Есть представление о жестком детерминизме истории. Ну, есть некий субъект: это либо Бог, либо синонимичная ему, в данном случае, история. Ну, или высшие силы, марсиане управляют, инопланетяне. <...> Всё идет так, как задумано. Так и будет, люди могут трепыхаться, они чуть-чуть могут повлиять на какие-то орнаменты. Но, вообще, произойдет то, что должно произойти, то, что предначертано. Это одна концепция.
Другая концепция — что историей рулят безличные или коллективные субъекты. Причем часто эти субъекты не временные, например, масоны. Масоны, как известно, когда-то очень давно задумали захватить мир, это произошло в какие-то незапамятные времена, и с тех пор они выполняют этот план. Вот всё меняется, а они не меняются.
***
Или же в истории много значит случайность. Вот не успел бы Д’Артаньян с подвесками прибыть в Париж — и всё, была бы война между Англией и Францией, английские войска бы высадились в Ля Рошели. <...> Но он успел, слава Богу. А другой Д’Артаньян, наверное, не успел. И тогда началась война.
***
Это разные представления об истории, но я хотел бы показать, что психологические феномены, чувства, эмоции людей, их желания, их вера влияют на политические процессы, влияют очень сильно на самом деле. Потому что все решения принимают люди, а не холодные компьютеры. Люди всегда эмоциональны, у людей всегда очень сложная, многоступенчатая мотивация. И каждый человек, трижды президент, император или кто угодно, принимает решение как человек. И как его обижали в детстве, или как у него было с девушками в юности, или как еще что-то — это всё влияет на решение «бомбить или не бомбить». Это всё влияет не потому, что он плохой человек, а потому, что человек иначе не может.
***
О решениях, которые принимают первые лица — премьеры, президенты, губернаторы. Кажется, там всё сугубо рационально — компьютеры, эксперты и прочее. Но они же экспертов подбирают под себя. Вот Гайдар задавал вопросы мне по некоторым проблемам. Почему мне? Я что, самый умный? Можно было другому задать, но мне он доверял, понимаете? Поэтому он спрашивал меня. А я задавал вопросы другим экспертам, которым тоже доверял, которые мне были близки.

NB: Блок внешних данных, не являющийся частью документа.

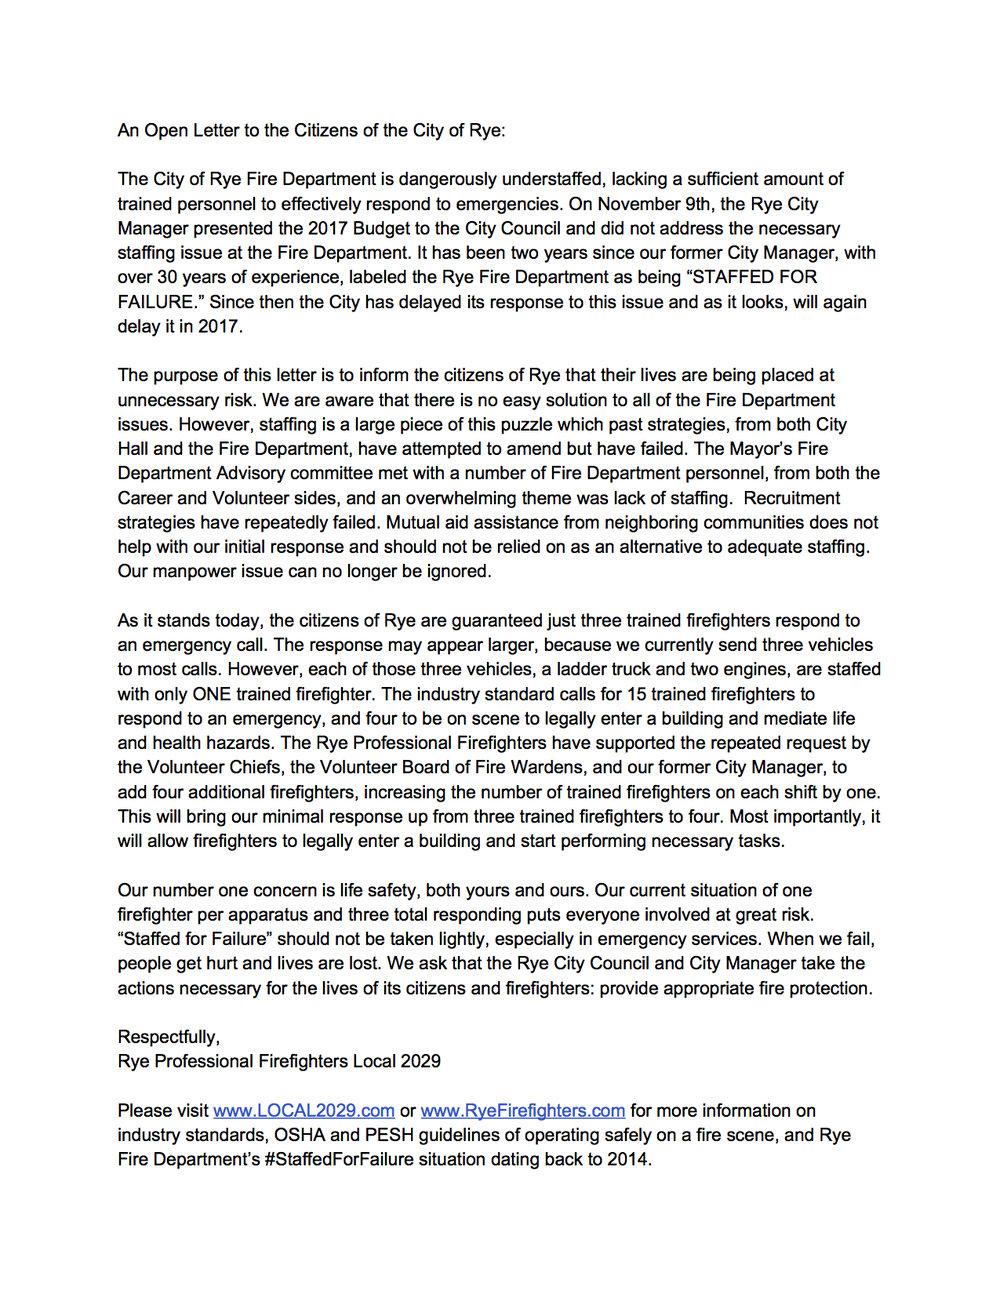 #StaffedforFailure — Rye Professional Firefighters Local 2029
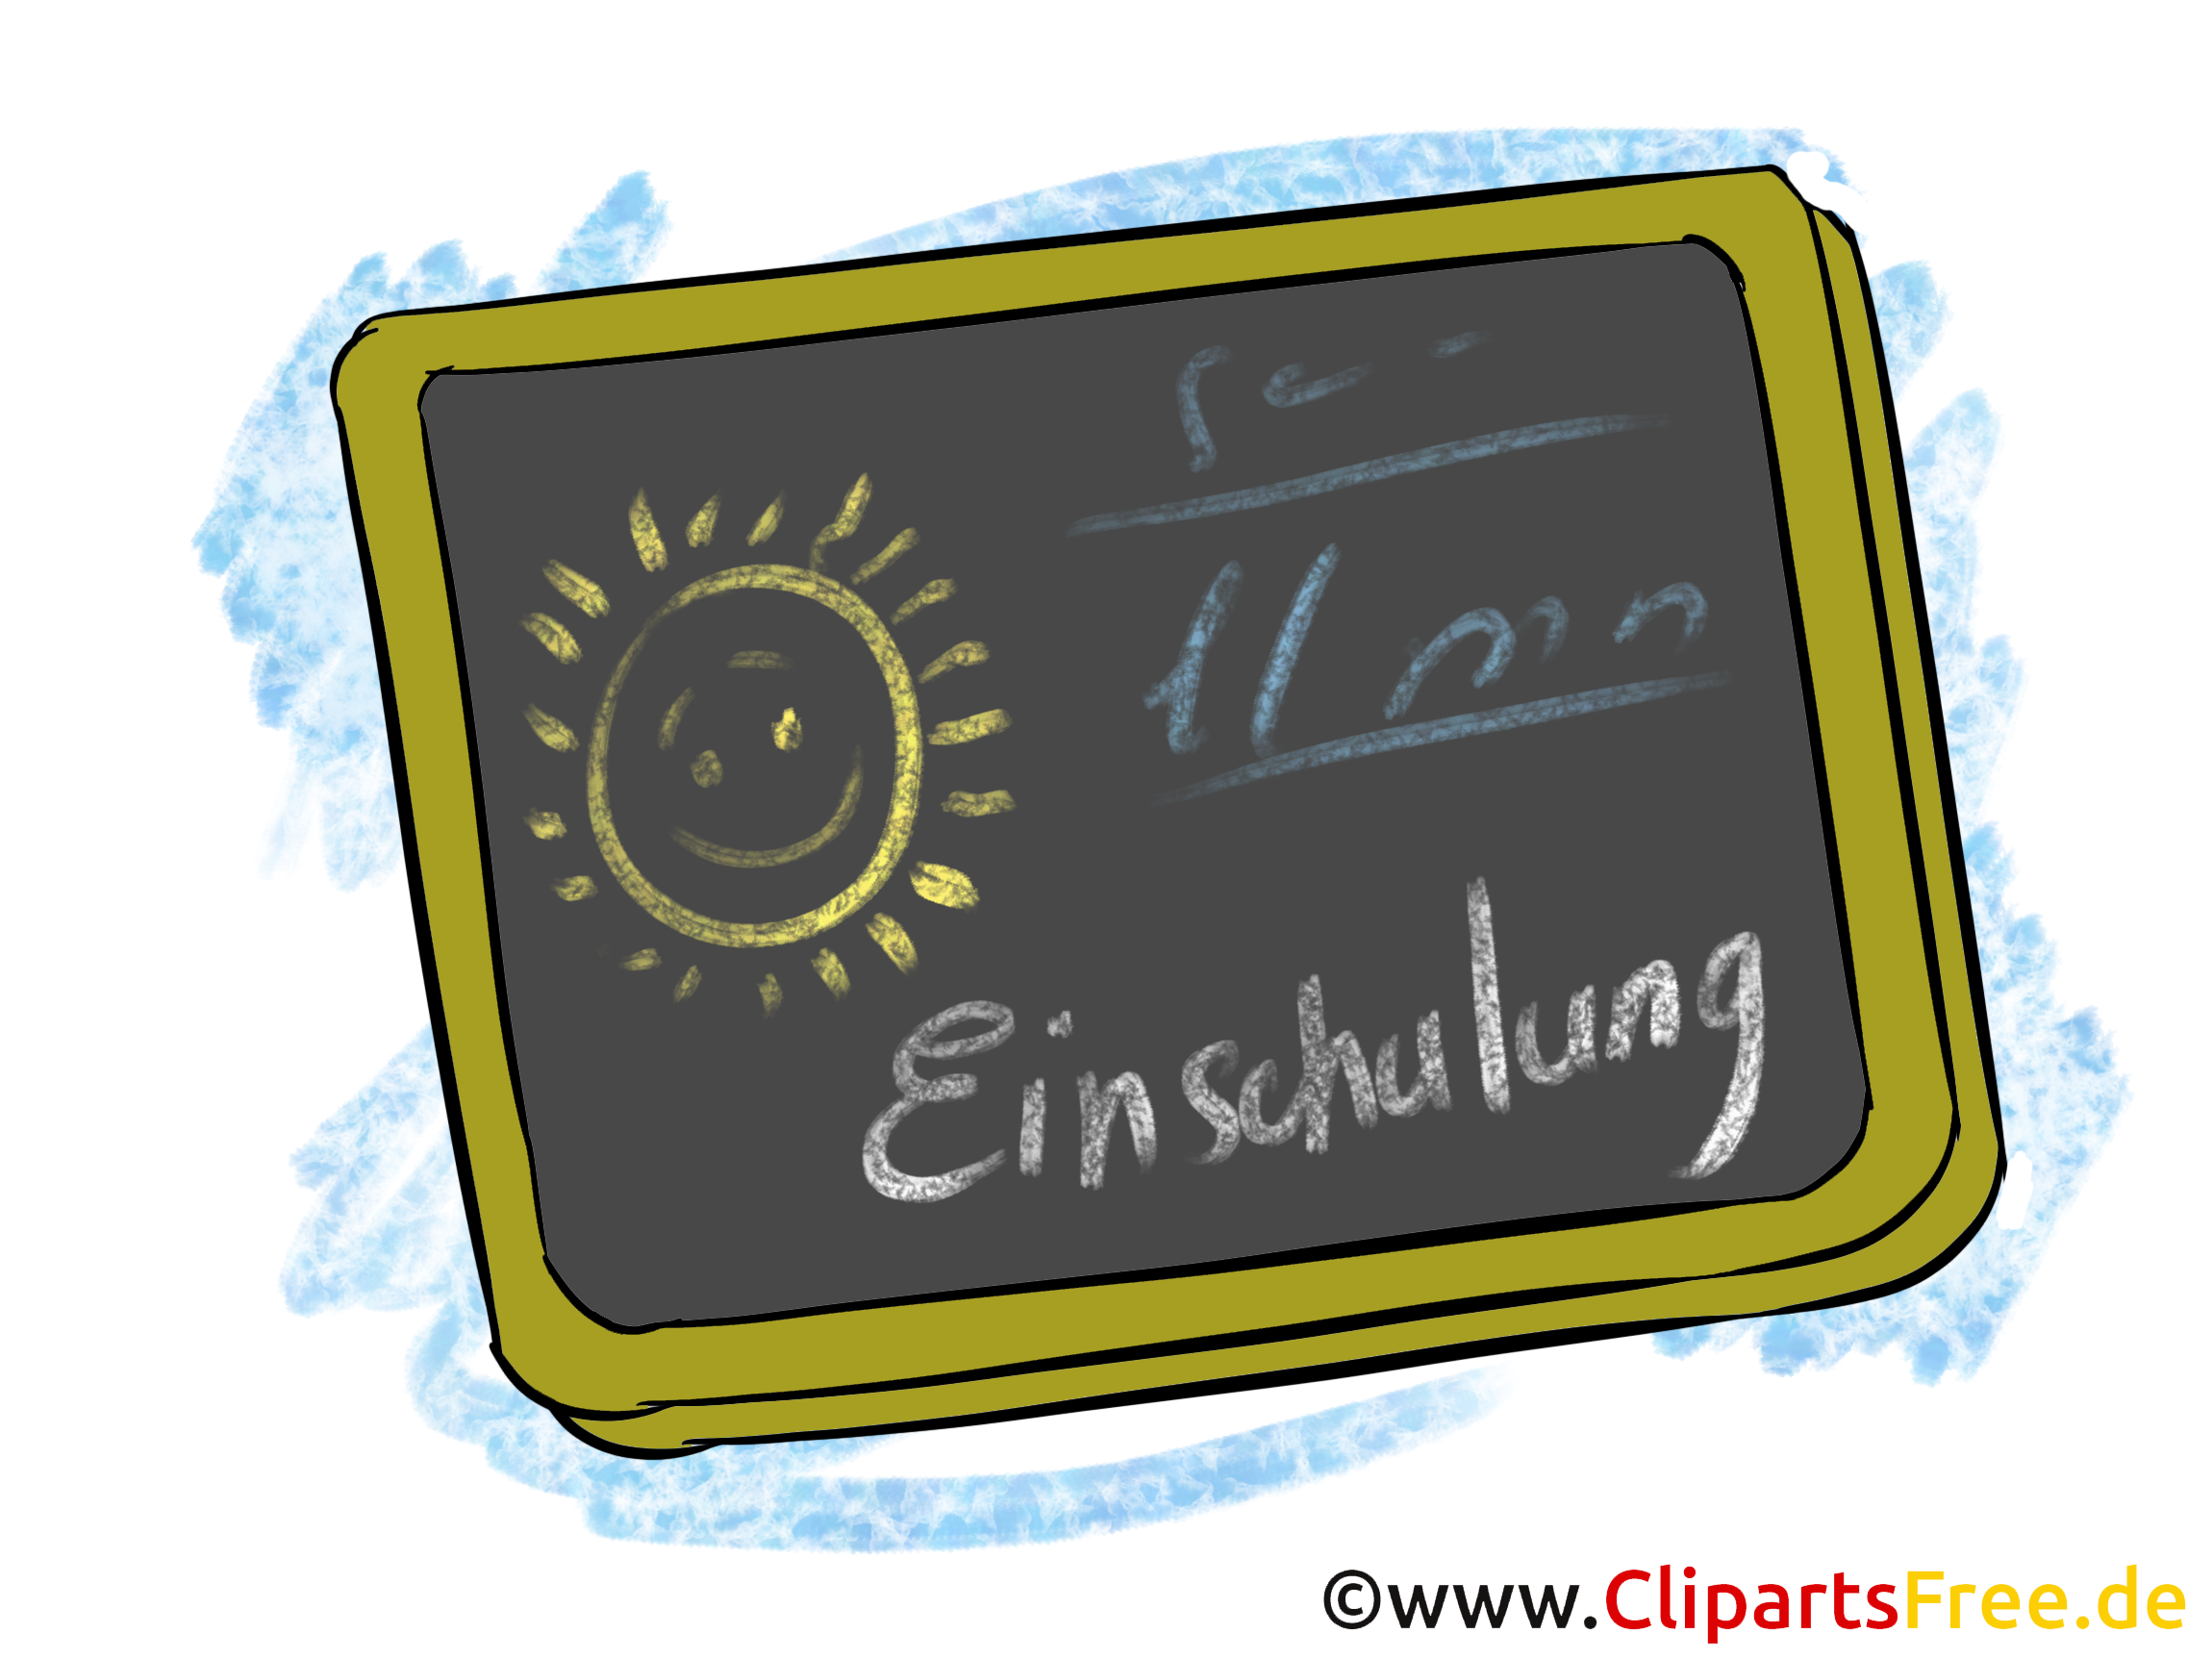 Schulanfang clipart kostenlos image transparent Schultafel Bild, Clipart, Grafik zum Schulanfang image transparent

Вот так это и идет всегда, иначе быть не может. Т. е. в той информации, которая поступает первому лицу, изначально присутствуют определенные личностные искажения: информация готовится теми людьми, которым он доверяет, которые ему близки и симпатичны, про которых он чувствует, что они «одной крови».
***
Внешняя политика еще больше психологизирована, потому что она более закрыта: переговоры ведутся в тайне, степень контроля со стороны парламента или прессы снижена, а значит, она более персонифицирована. Например, российско-американские отношения сегодня — это отношения Путина с Обамой. Путин не любит Обаму, не любит и не уважает: он «не пацан». Обама не любит Путина, они друг друга терпеть не могут. Об этом мне рассказывали люди, близко работавшие с Обамой. Обаму трясет от Путина. Эти взаимные чувства прорываются в их выступлениях. И эта личная, человеческая неприязнь, естественно, очень сильно влияет на отношения двух великих держав.
***
Чем более авторитарна система, тем более персонифицирована политика. Это даже в названиях стран отражается: «гитлеровская Германия», например. Никто не говорит «меркелевская Германия», хотя Меркель — такой влиятельный, такой серьезный человек, фактически самый влиятельный политик Европы. Но никто не говорит «меркелевская Германия», никогда этого не говорят. Потому что у Меркель политика Германии менее персонифицирована, чем политика при Гитлере.
***
Психологические особенности авторитарного лидера могут привести страну к катастрофе. Пример: Гитлер был искренним антисемитом, евреев просто не выносил. В одной из последних дневниковых записей фюрер написал: «Тому, кто придет после меня, я могу завещать одну вещь: еврейский вопрос надо решать более решительно, чем решал его я». Он жалел, что мало убил, надо было больше.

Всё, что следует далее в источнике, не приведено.